Riding the wave of my previous day’s success, I fully expected to come home last night to find Emma agreeable to whatever was placed on her plate. With visions of cheerful family dinners in my mind I set about making Hollandaise Sauce (with those duck eggs and Ghee). Making hollandaise is a meditative endeavor, I’ve learned. I cannot carry on a conversation with someone else while preparing it. I must be focused, attentive with a certain amount of serenity or the whole thing curdles or separates. I didn’t have any lemons, so I used a lime instead and all went fairly well, though it wasn’t as thick as the hollandaise I usually am able to whip up. I steamed the asparagus, cooked the salmon steaks, drizzled everything with hollandaise and called everyone to the table where upon Emma took one look at her miniscule serving and said, “No! I don’t want to taste it. It’s okay. It’s okay. Just lick it. You have to put your finger in it to taste. Just one bite. Taste it. I don’t want to taste it! I don’t like this.” And then she began to whimper.

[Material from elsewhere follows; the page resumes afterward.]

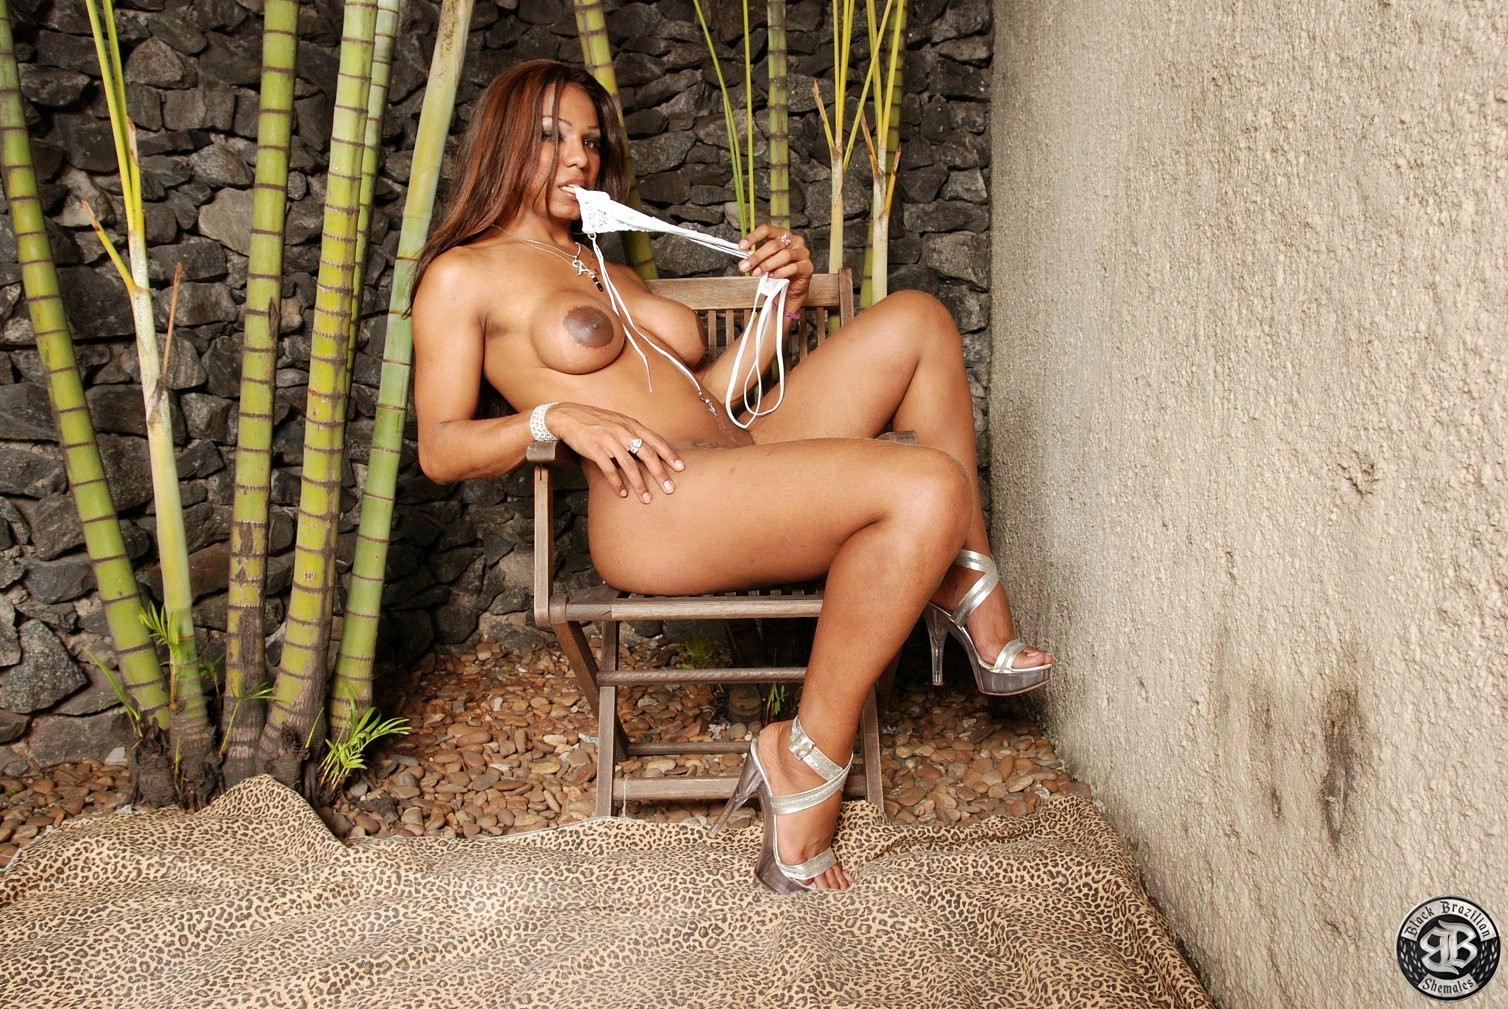 Adorable Tgirl Andreza Stroking Her Juicy Tool

It was one of those Sybil moments, with Emma scripting using her “stern” voice, then mimicking a TA at her school to take one bite, just one bite, then Emma’s own sad voice pleading and on it went. Finally I said, “Em you have to taste it, then you can have some grapes and apple (skinned).
“Okay, okay, okay,” she said, dipping her finger into the hollandaise. “Taste it!” She smelled the hollandaise, then tentatively licked her finger before looking at me with an expression of pure misery. “I don’t like it, Mommy. I don’t like this.”
My family dinner a la Norman Rockwell fantasy fizzled and I felt an overwhelming desire for someone to come and feed her for a month or two – get her eating a whole variety of lovely, nutritional foods before disappearing again.
Later Nic came over to me and put his arms around me. “Hey Mom?”
“Yeah Nic?”
“I don’t mind this diet so much. I still get to eat all my favorite things.” He smiled at me.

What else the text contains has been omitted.